British Law Enforcement Agencies Campaign to Use Biased Face Scanning Systems

Law enforcement agencies across the UK effectively campaigned to deploy a face scanning system known to be biased against women, young people, and individuals from ethnic minority groups, following complaints that a more accurate version produced fewer investigative leads.

How the System Works

British police use the national police database to carry out retrospective facial recognition searches. This process entails matching a “probe image” of a person of interest against a database of more than 19 million mugshots to find possible hits.

Admitted Bias

The Home Office conceded last week that the system was biased. This admission came after a review by the government's National Physical Laboratory found it misidentified people of Black and Asian heritage and females at significantly higher rates than Caucasian males. The ministry stated it “took steps on the findings”.

“It prompts the question of whether this technology only becomes effective if users tolerate biases in race and sex. Operational ease is a weak argument for overriding fundamental rights.”

Long-Standing Problem

Official papers show that this bias has been known about for more than a year. Furthermore, law enforcement argued to overturn an earlier ruling that was intended to address the problem.

Senior officers were notified of the algorithmic discrimination in September 2024. The government-ordered NPL review found the system was had a higher probability to produce false positives for photos of females, Black people, and those under 40 years old.

A Policy U-Turn

In response, the national police leadership body mandated that the accuracy setting required for possible hits be raised to a level where the bias was greatly diminished.

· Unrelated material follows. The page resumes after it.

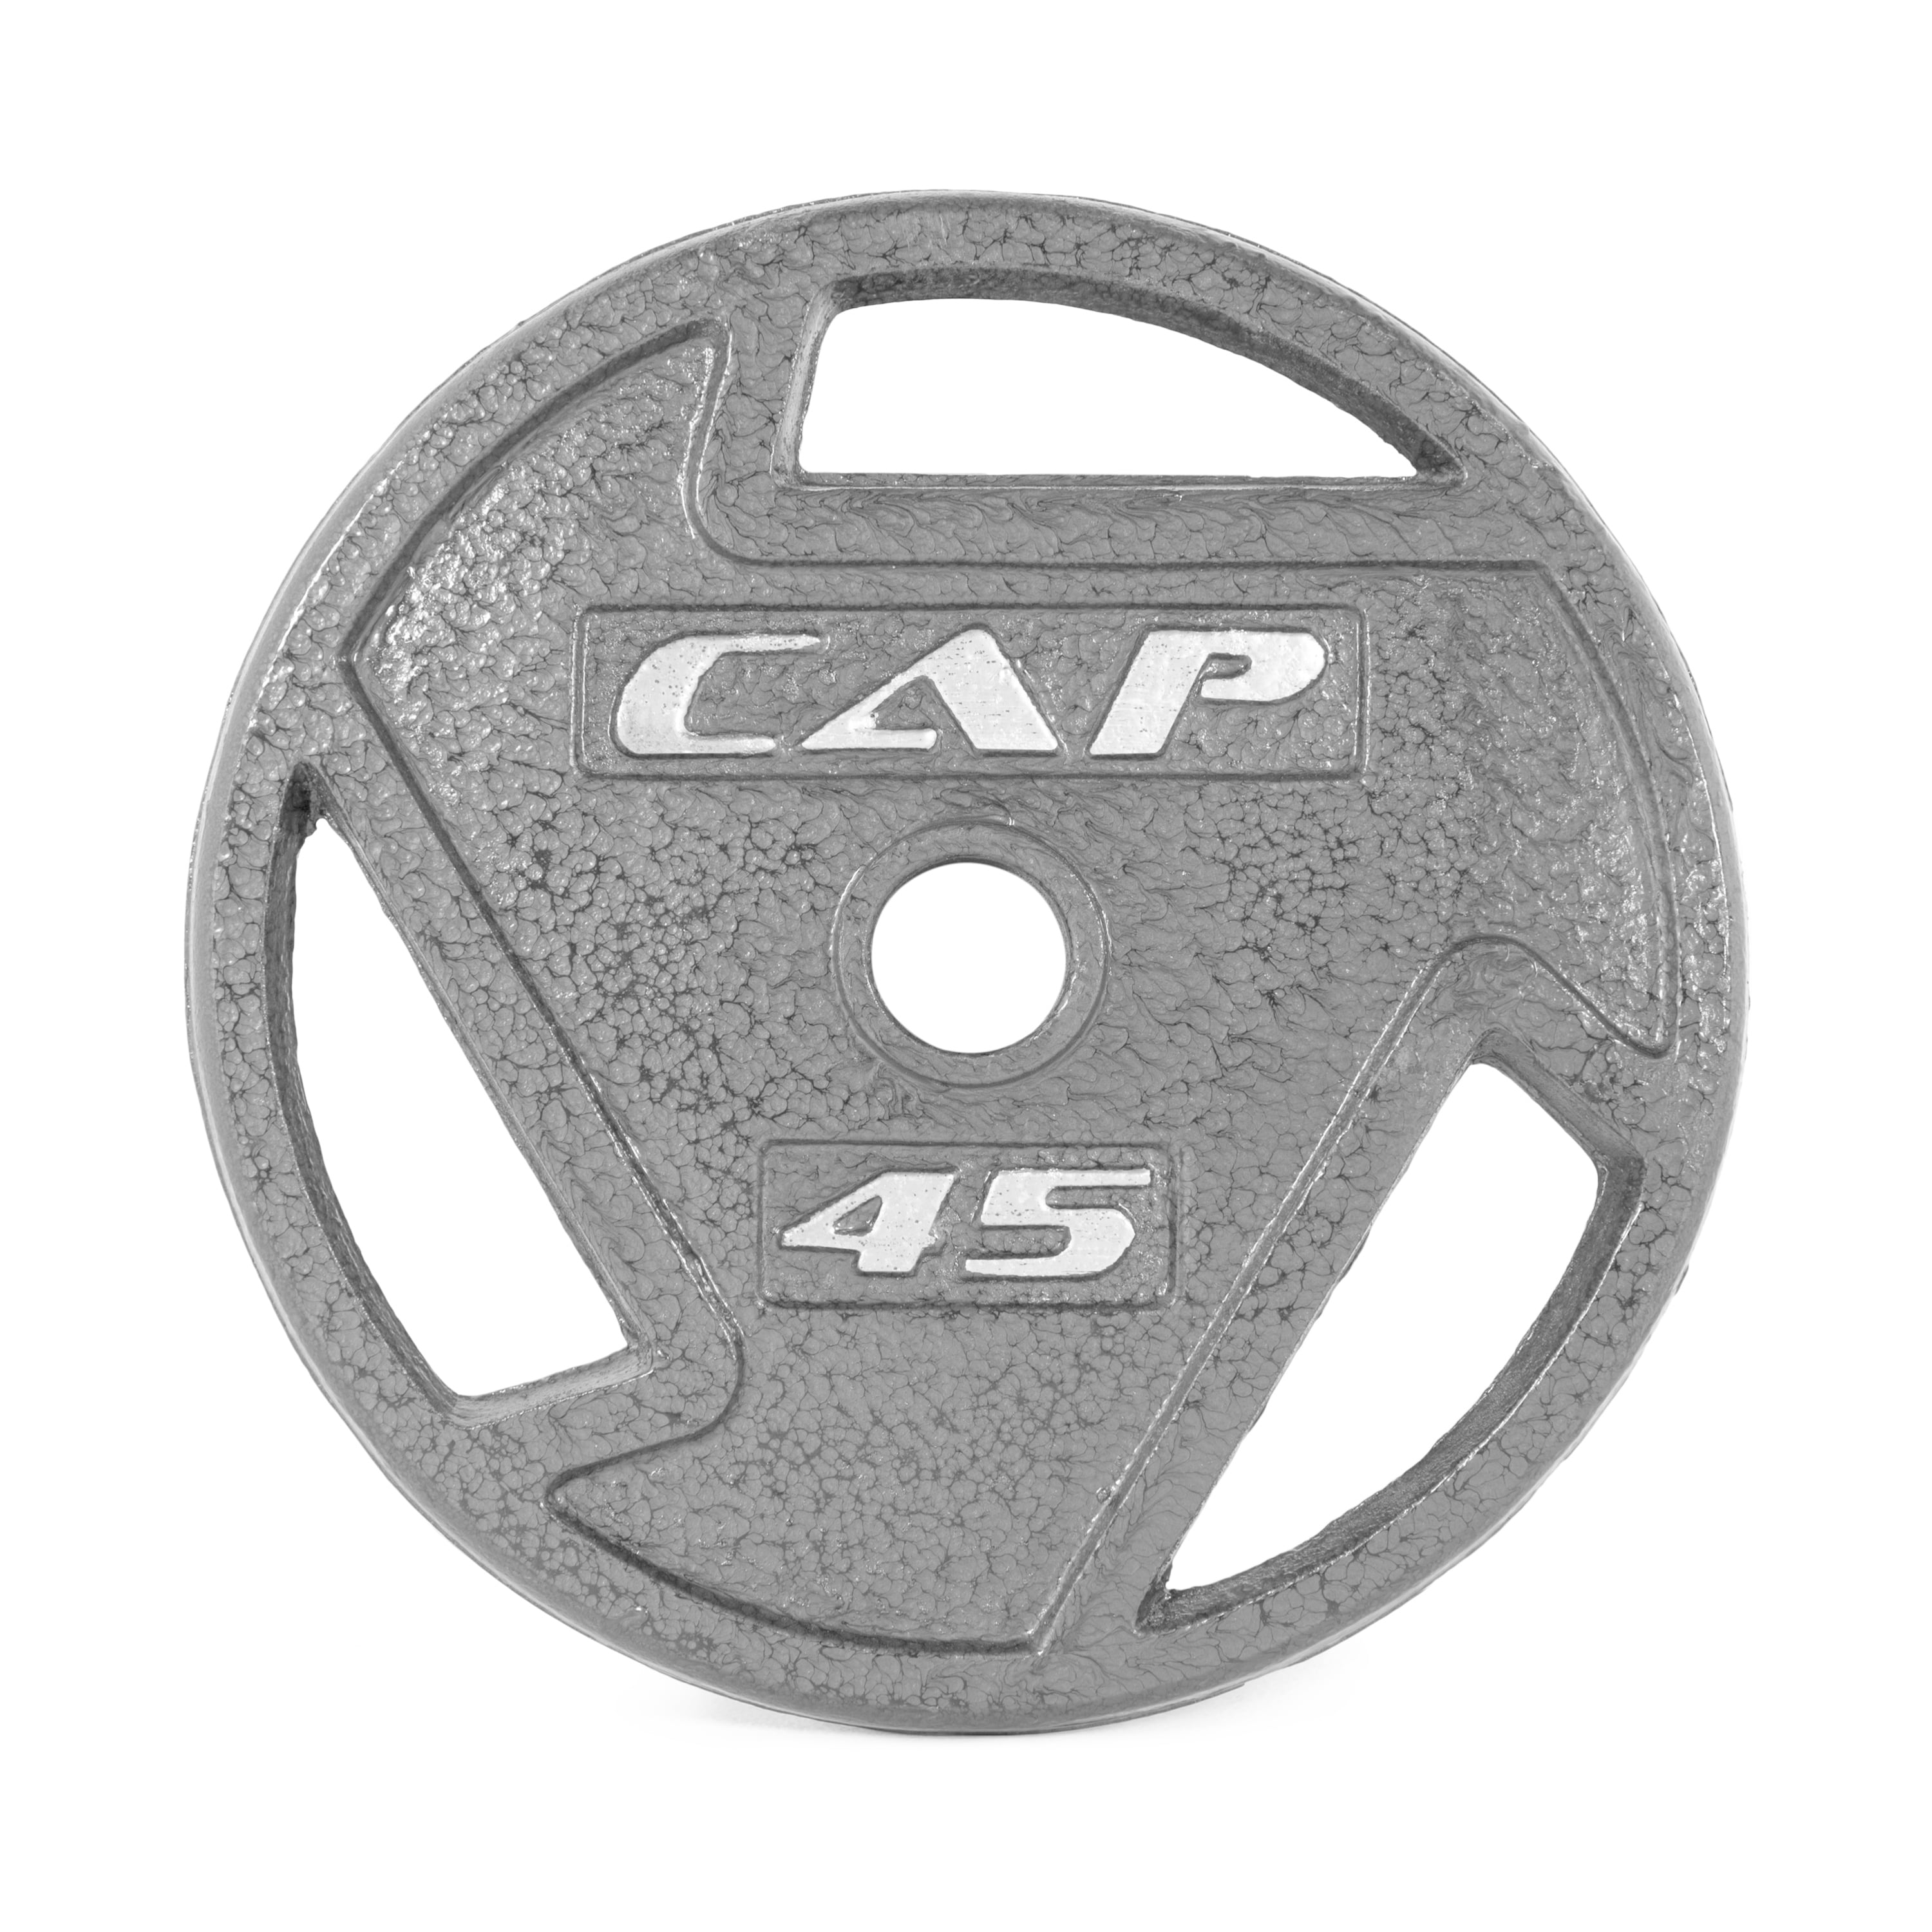 New CAP 50LB Olympic Weight Plate Set 25LB Plates Cast Iron 2INCH 2 FAST SHIP

However, this directive was reversed the next month following complaints from police that the modified technology was generating a lower number of “useful lines of inquiry”. Internal records show the stricter setting cut the number of searches that yielded potential matches from over half to a mere under 15%.

Profound Inequalities

Although the authorities refused to say what threshold is currently used, the recent NPL study found the system could generate false positives for women of Black heritage nearly a hundred times more often than for Caucasian women at specific configurations.

The ministry commented on these findings: “Our evaluation identified that in a limited set of circumstances the algorithm is has a greater tendency to wrongly flag some demographic groups in its search results.”

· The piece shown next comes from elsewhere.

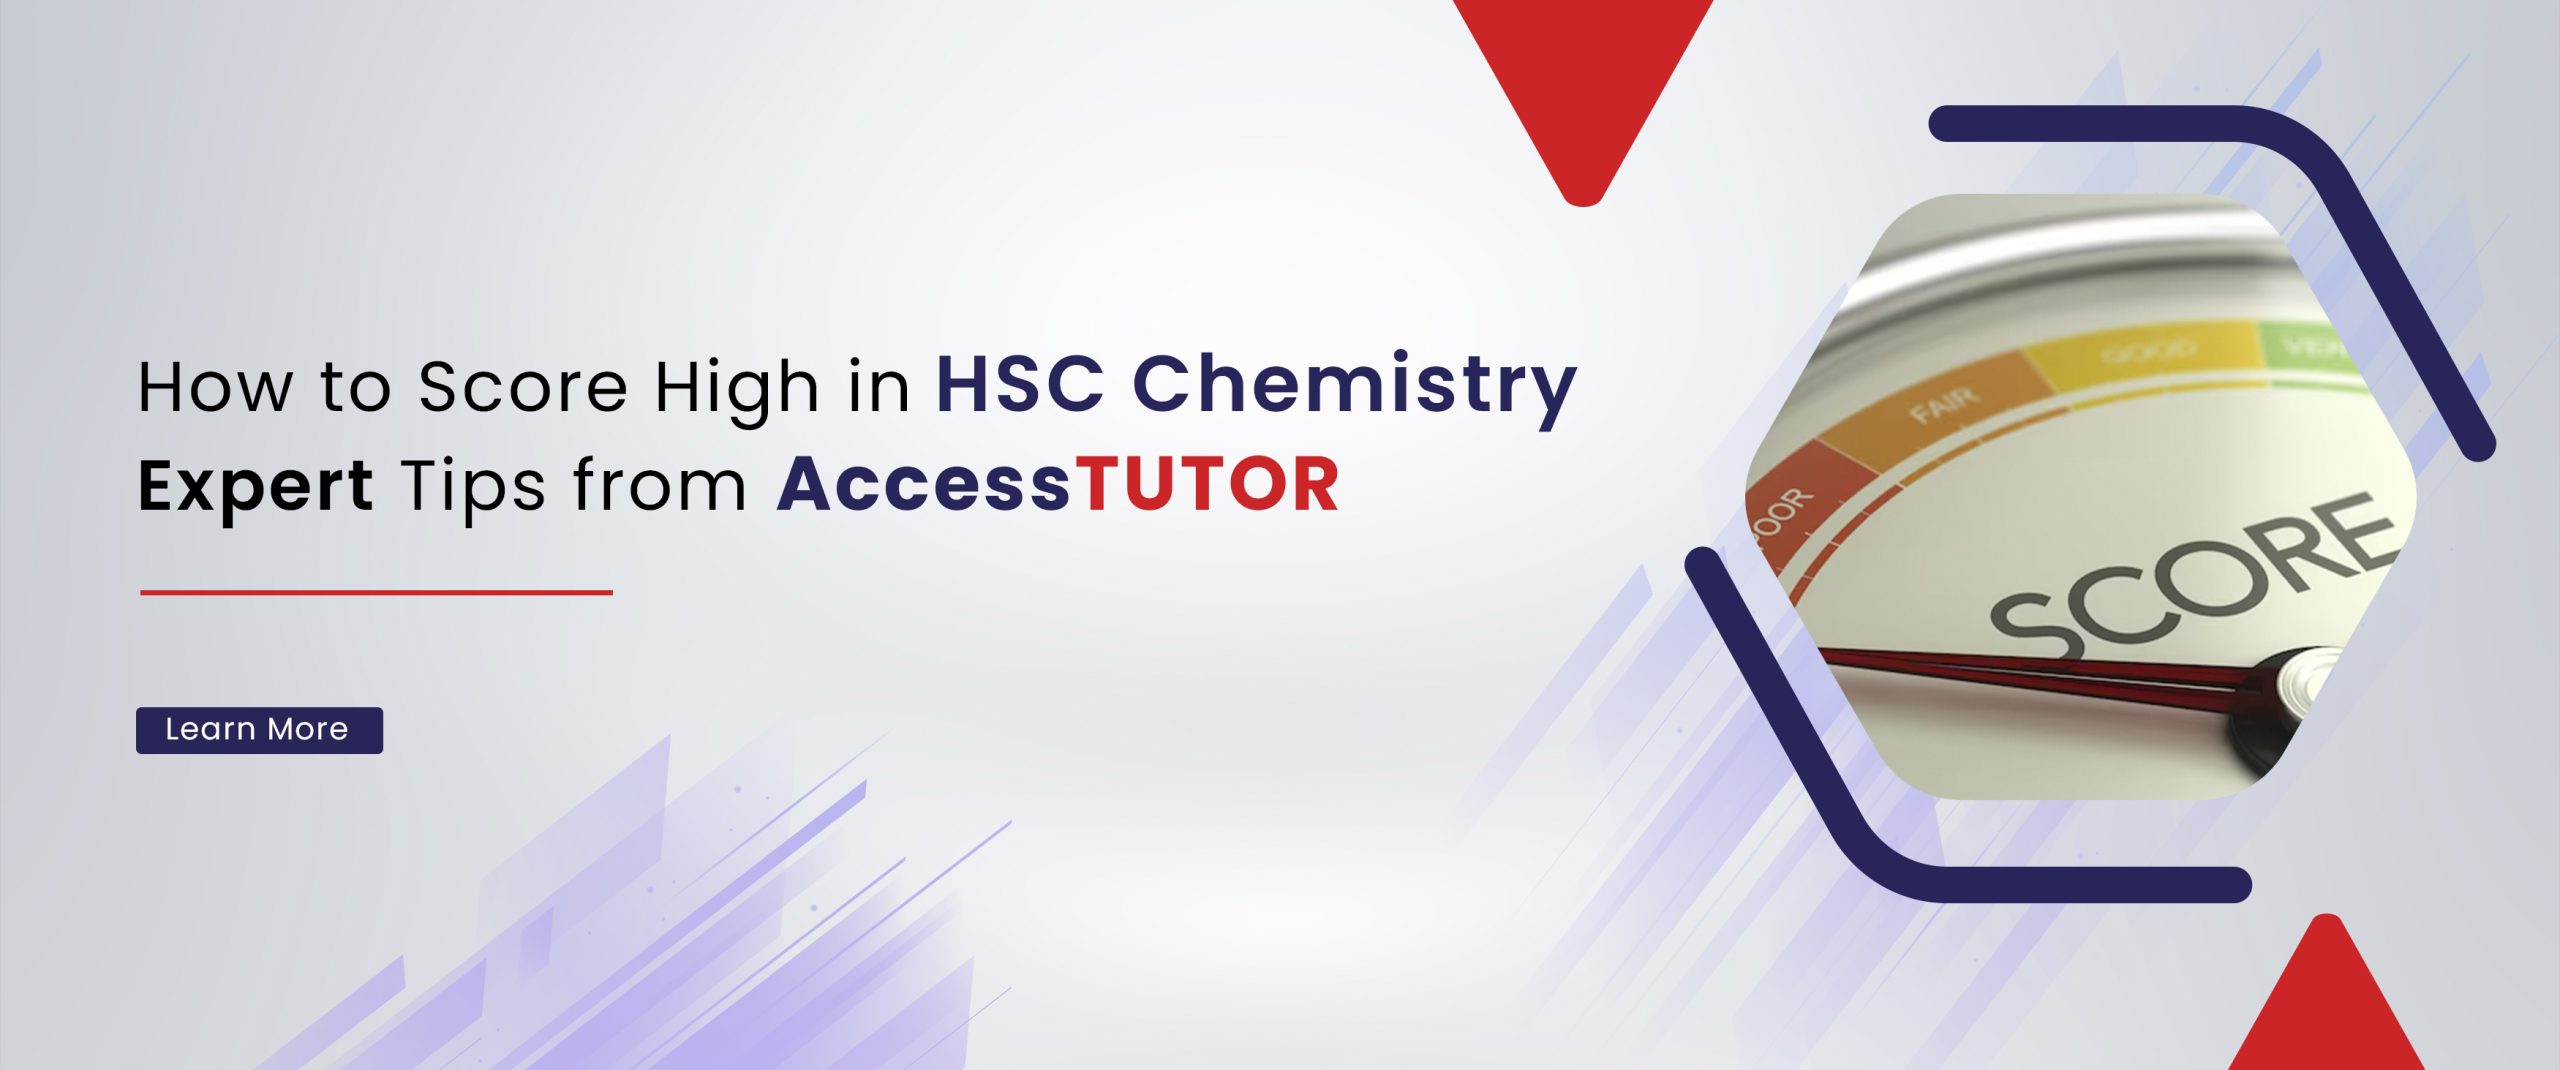 How to Score High in HSC Chemistry

Operational Effectiveness vs. Bias

Describing the effect of the temporary raise to the system's confidence threshold, the NPCC documents note: “This adjustment significantly reduces the impact of bias across protected characteristics of race, age and gender but had a substantially detrimental effect on police efficiency”. The documents further note that police units complained that “a once effective tactic returned results of questionable value”.

Wider Implementation Proposals

Meanwhile, the government has opened a ten-week public review on its plans to expand the use of facial recognition technology. Policing minister the relevant minister has described the tool as the “biggest breakthrough since DNA matching”.

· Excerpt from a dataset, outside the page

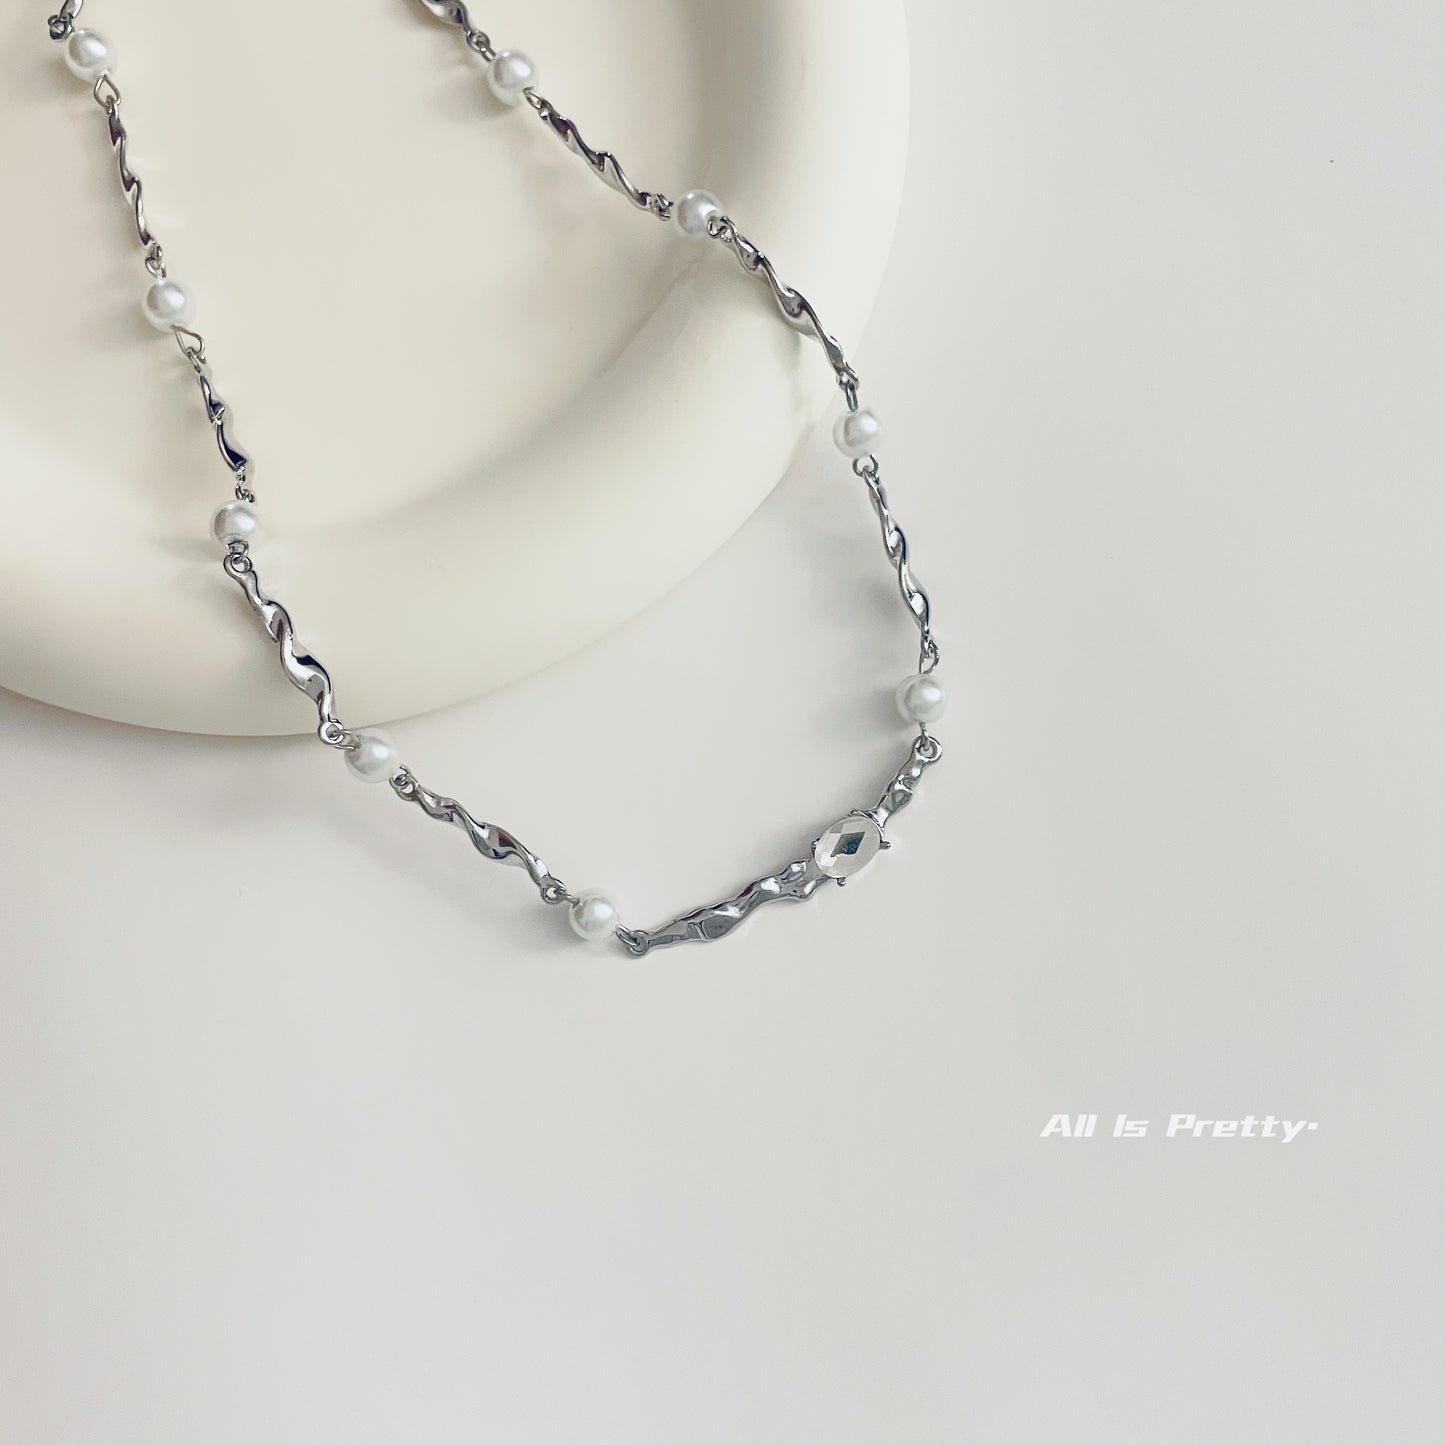 Linked chain pearl necklace

Criticism from Advisors and Monitors

The chair of a police oversight board, chair of the advisory panel for the national policing equality strategy, said: “There was scant consideration through equality strategy sessions of the technology deployment despite clear relevance with the plan’s concerns.

“These revelations show yet again that the pledges to combat discrimination the police has made via the equality initiative are not being translated into wider practice. Independent assessments have cautioned that new technologies are being rolled out in a context where ethnic inequalities, weak scrutiny and faulty information gathering already persist.

“Any use of this technology must adhere to strict national standards, be independently scrutinised, and demonstrate it diminishes rather than compounds ethnic bias.”

Official Statement

A government representative stated: “The Home Office treat the findings of the study seriously and we have already taken action. A new algorithm has been externally evaluated and acquired, which has demonstrated no measurable discrimination. It will be trialled early next year and will be subject to further assessment.

“The foremost aim is protecting the public. This gamechanging technology will support police to put criminals and rapists behind bars. There is human involvement in every step of the procedure and no arrest or charge would be pursued without specialist personnel carefully reviewing the results.”

Brianna Stevenson
Brianna Stevenson

A seasoned gaming analyst with over a decade of experience in online casino trends and strategy development.